The train/val gap dropped from 8× to 1.5×.
Results
All three models trained on 66,341 examples (90/10 split) with 200 epochs on the full profile. The station model was stopped early at 35% of training.
| Model | Params | Exact match | Line acc | Dir acc | Station acc | Valid |
|---|---|---|---|---|---|---|
| line | 1,074,318 | 59.1% | 77.6% | 90.2% | — | 100% |
| change | 1,232,590 | 50.2% | 83.1% | 89.3% | 68.3% | 100% |
| station | 1,270,272 | 41.7%1 | — | — | — | 100% |
1 Station model training cut short at 35% of training (70/200 epochs), still climbing.
"Exact match" means every token in the predicted sequence matches the label. For the change model, getting the line and direction right but picking Embankment instead of Monument as the interchange station counts as a total miss.
Direction accuracy at 90% across both line and change models suggests the encoder learns a strong sense of orientation on the network — it knows which way is "northbound" on the Northern line with high reliability.
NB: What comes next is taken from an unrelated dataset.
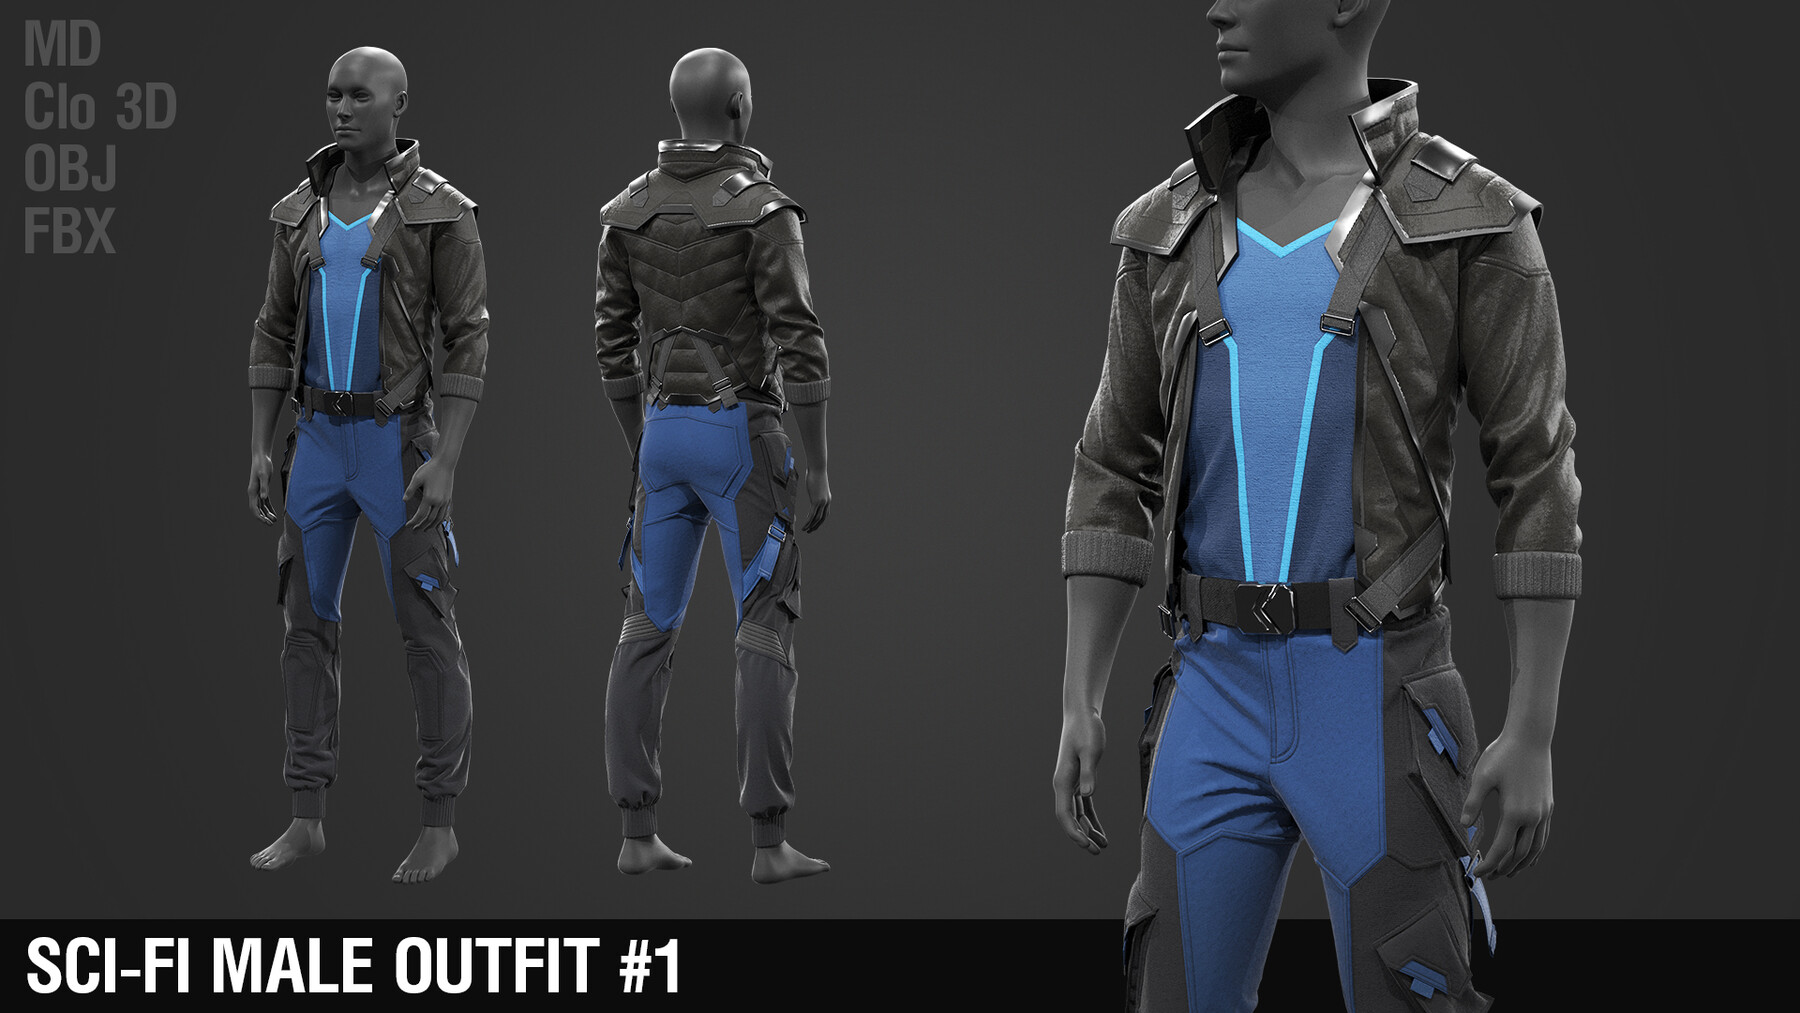 ArtStation - Sci-fi male outfit #1 / Cyberpunk / Future / Fantastic / Urban  / Tactical / Jacket / Shirt / Pants / Set / Marvelous Designer | Game Assets

100% topological validity across all models means every predicted token is a real line ID or station ID. The architecture never hallucinates.
Measurement error
The results above are against a single "best" route per OD pair, selected by the BFS with a naive sort by (fewest transfers first, then fewest stops). This has two problems.
First, many "errors" are valid routes. The London Underground has extensive track sharing — District, Circle, and Hammersmith & City all run between Aldgate East and Paddington. If the ground truth says "take the District" and the model predicts "take the Circle", the evaluation marks it wrong despite the routes being functionally identical. The same applies anywhere multiple routes exist between the same OD pair.
Second, "fewest transfers" is not always "fastest". Inter-station travel times vary enormously. A journey from Upton Park to Borough is quicker via a transfer to the Jubilee at West Ham — the Jubilee's fast running to London Bridge more than compensates for the transfer penalty — than staying on the District/Hammersmith & City to a more direct interchange. The BFS ranking ignores this entirely, treating all edges as equal length.
The GTFS data already contains inter-station travel times from the TfL API, but the routing pipeline throws them away.
Next steps
The architectural comparison has served its purpose. The shared encoder works, the three decoder granularities produce the expected hierarchy of difficulty, and the regularisation approach is sound. What needs to change is what the models are trained on and how they are evaluated.
The next post will cover:
- Weighted routing: replacing the naive BFS with shortest-path routing over actual travel times, with a configurable transfer penalty.
- Multi-route training: storing all valid routes per OD pair and sampling uniformly during training, so the model learns the full distribution rather than a single arbitrary "best".
- Topological evaluation: scoring predicted routes by whether they are actually traversable on the graph, rather than whether they match one specific label.
- Travel-time-aware encoding: adding inter-station travel time as an edge feature so the encoder can distinguish fast lines from slow ones.